Everybody wants have a tan, but no one wants to tan.
Other weird skin stuff
Four decades of poor choices in the sun, combined with the body’s inclination towards the grave, have left you with an unfortunate patina. Freckles, bumps spots, scars and various red and brown things you really should get checked out. Look at your kid’s skin – a blemish-free masterpiece of human engineering – now look at yourself (really look, don’t just superimpose yourself at 26 over what’s really in the mirror) – to paraphrase Elvis, “We can’t go on together, with suspicious moles.”
Whomever invented this term needs to be thrown to the sharks. In the back of my head I feel like, if there was no catchy term for this unfortunate physical phenomenon, people would think about it a lot less. But here’s this pithy, catchy, funny little phrase, “Man Boobs,” that perfectly sums up the look that manifests, as gravity and entropy turn your youthful pectorals into something more feminine, and as all those sessions of eating your feelings at Portillo’s makes your beefcake much more fatty.

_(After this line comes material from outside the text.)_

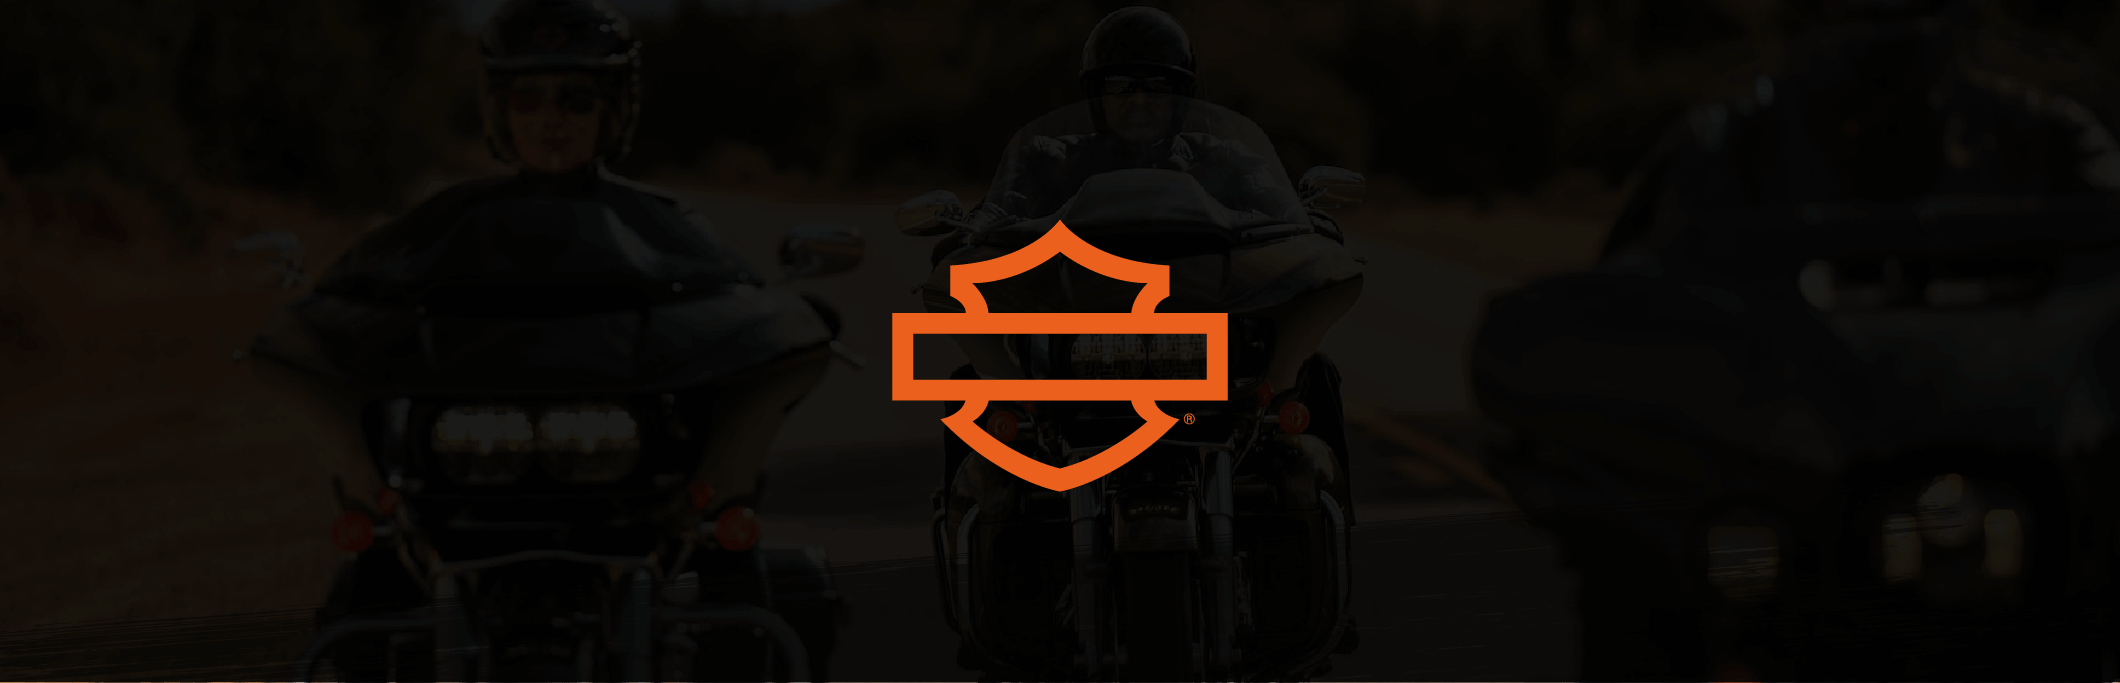 prueba tu nueva Harley Davidson Cádiz
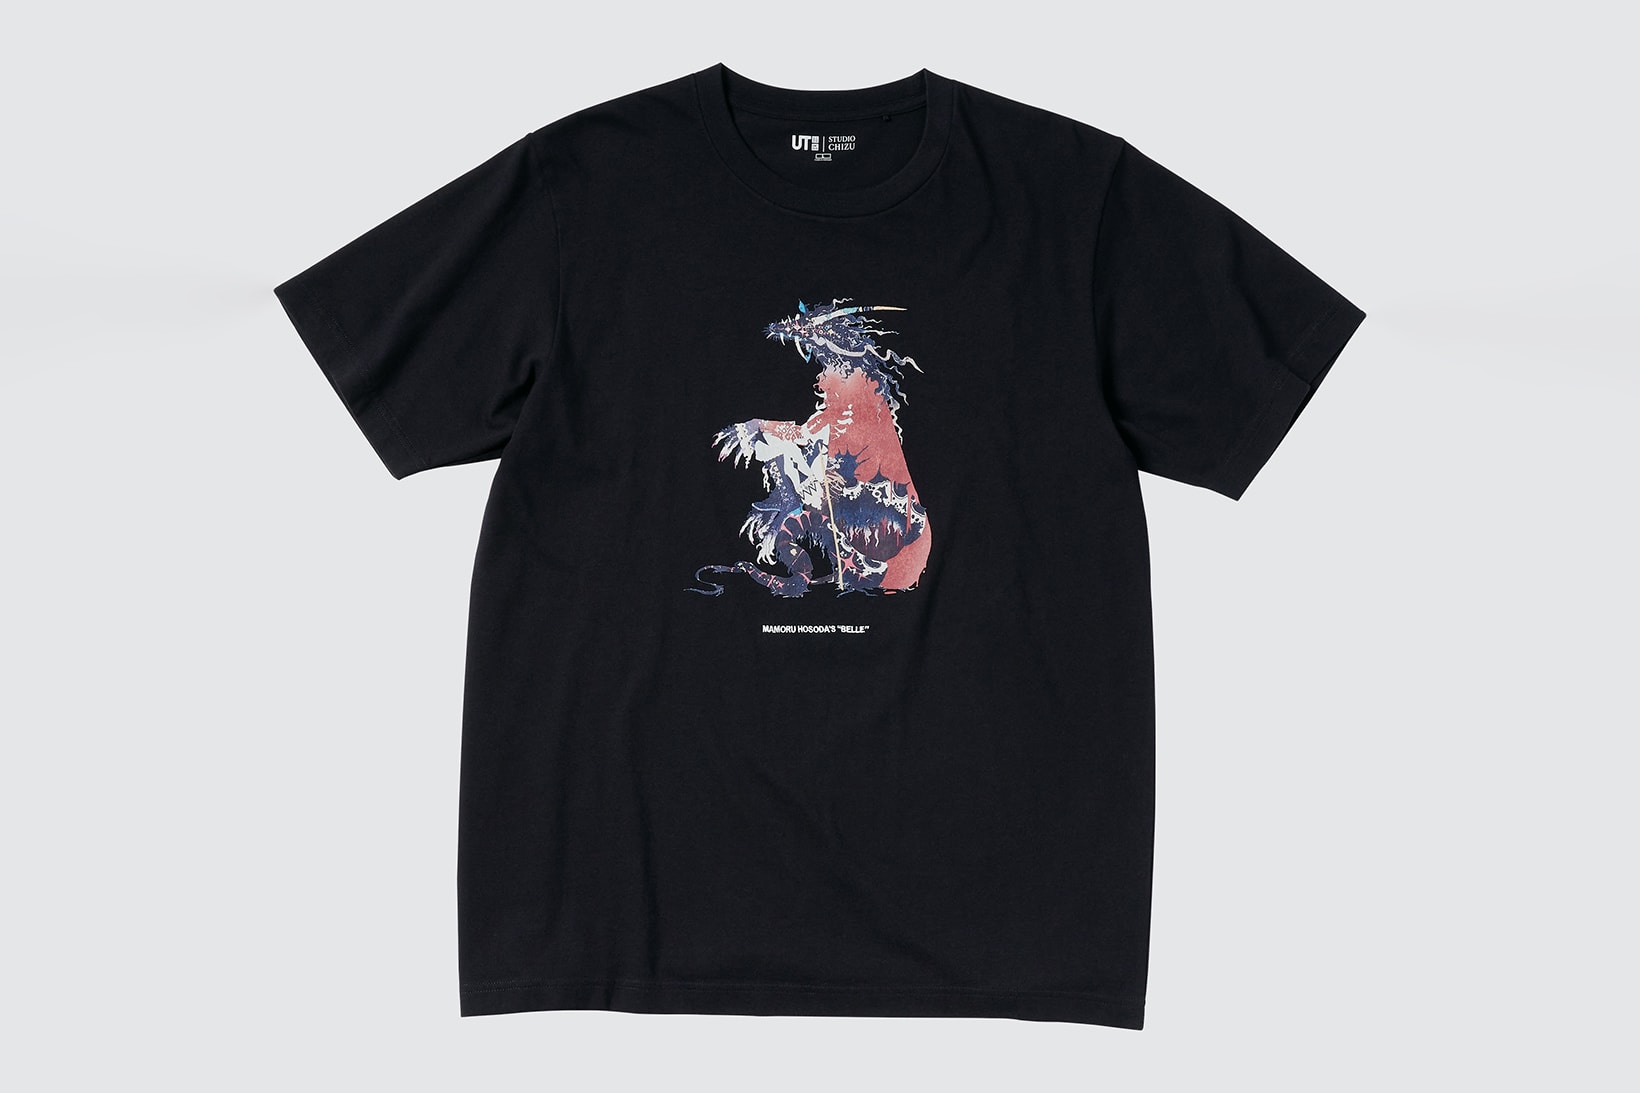 UNIQLO UT Mamoru Hosoda T-Shirt Collection The Dragon and The Freckled Princess

Every guy aspires to having a chest that looks like a pair of meaty throw pillows, and the ladies can’t even pretend they don’t find a solid chest attractive. Pity most of us dads are always one estrogen-laden serving of tofu away from a B cup.
Put together those five factors, and you have a paralyzing fear of the beach. Sure, our legs look terrible, too, but we don’t care – that’s why we always skip leg day.
It seems like most action heroes are middle-aged these days: Hugh Jackman, Robert Downey, Jr., Ben Affleck – but those guys are shirtless FOR A LIVING, and have a team of professionals getting them shredded. The amount of time I spend at the gym just to look good “for my age” means I’m generally an absent father and husband. If I took the time I need to get really cut up, I’d end up living in my car.
Going to the beach is stressful for a dad, and not just because you’re worried about sand in your cell phone and nacho cheese burns on your thighs from the snack bar.
Luckily for us, summer in Chicago is only about 10 minutes long … “Bears Weather” (and Bears sweatshirt weather) is just around the corner.